These days it seems like everyone and their dog are members of the social media club for individual or business use. If you’re just starting your journey into social media, looking to cement your place or are nervous about joining the club, our starters guide may hold some information to get you started.

What is social media?

Social media is a category of websites based on user participation and user generated content. It is primarily used for the exchange of information and ideas between individuals, and more recently brands.

Common social media networks include:

  • Twitter
  • Facebook
  • LinkedIn
  • YouTube
  • Vimeo
  • Google+
  • Instagram
  • Pintrest

How should we be using social media?

Social media is best used to engage people and cultivate meaningful two-way relationships. Attracting people to your website is where you’ll win further business, build your brand reputation or increase interest in a product or service.

A good analogy for the use of social media is to think of the main website as a boat, with social media sites being fishing nets. The more nets you have, the more fish you can catch. If these nets are then linked together they have a greater capacity for catching fish. Finally, the stronger the links back to the boat are, the more fish will end up being transferred from the nets (social media) to the boat (main website).

Fishing for social media

Advanced social media

In order to maximise the effect of social media marketing we need to; set a strategic process, set objectives, gather useful information and engage appropriately with your audience. The use of social media also offers a fantastic opportunity to get to know your target audience, and in doing so better influence your future marketing.

Your social media data can also help you create web personas to increase the chances that your target audience will buy your products and services via your website when they visit.

It is also important to consider the types of content that are used in order to communicate effectively with your target audience, be it to entertain, inspire, educate or convince, as the use of inappropriate material has the potential to alienate your target audience. It is unlikely for instance that a charitable group will reach their target audience by publishing data sheets and prices, as people connecting with this type of group tend to identify with content that raises awareness and connects on an emotional level.

But social media is scary isn’t it?

The use of social media does come with some risks, but these are far outweighed by the huge opportunities on offer for both small and large businesses, individual projects and charitable groups.

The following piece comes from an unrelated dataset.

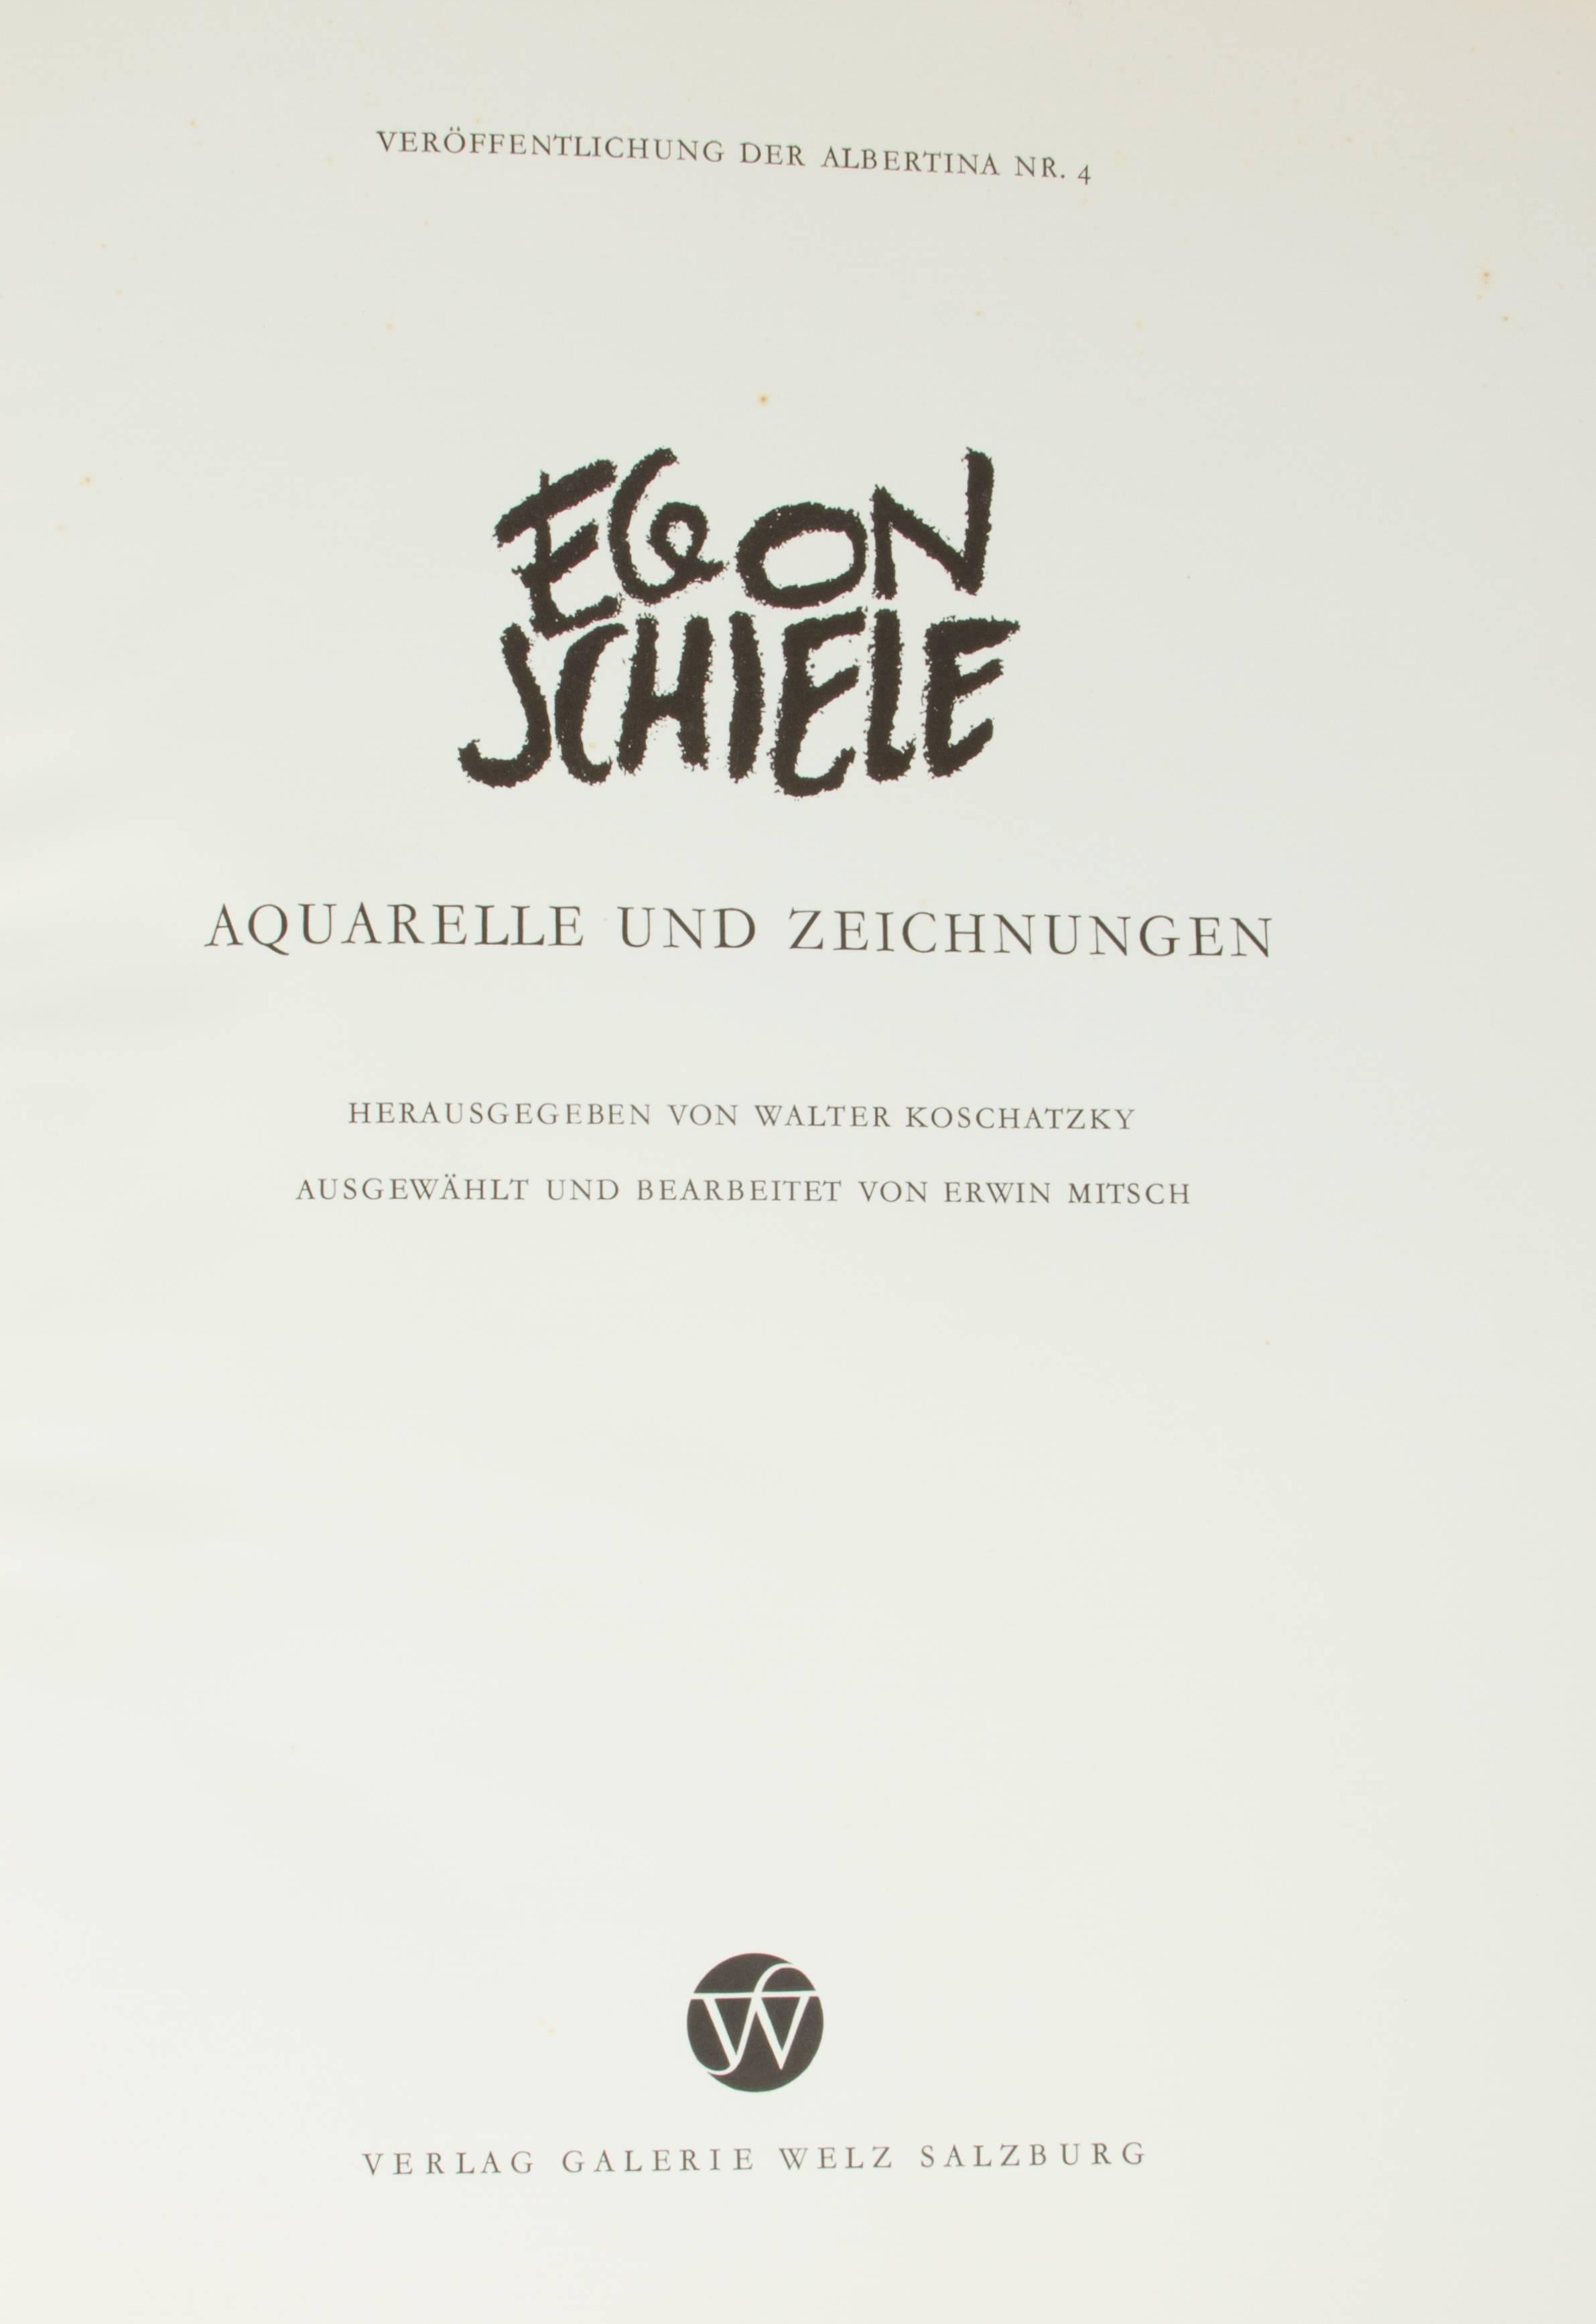 Egon Schiele

Through careful management and measurement, using social media can become very effective, hugely rewarding and also quite good fun!

The Good

Ben & Jerrys was praised for their innovative use of Twitter to spread awareness of Fair Trade, a cause that the company champions throughout all of it’s products and marketing. This saw the unused characters of tweets used to advertise the occasion.


The Bad

In 2012, American Apparel was criticised for posting a Tweet that encouraged followers who were being affected by Hurricane Sandy to make use of a 20% online discount to “in case [they were] bored during the storm”.


The Ugly

In 2012, McDonalds ran the #mcdstories promoted campaign to encourage users to post their favourite stories or memories in connection with McDonalds. Instead, users took the opportunity to share horror stories centred around the brand, coining the phrase “bash-tag”. In effect, McDonalds paid to promote a trend that showered them with bad publicity.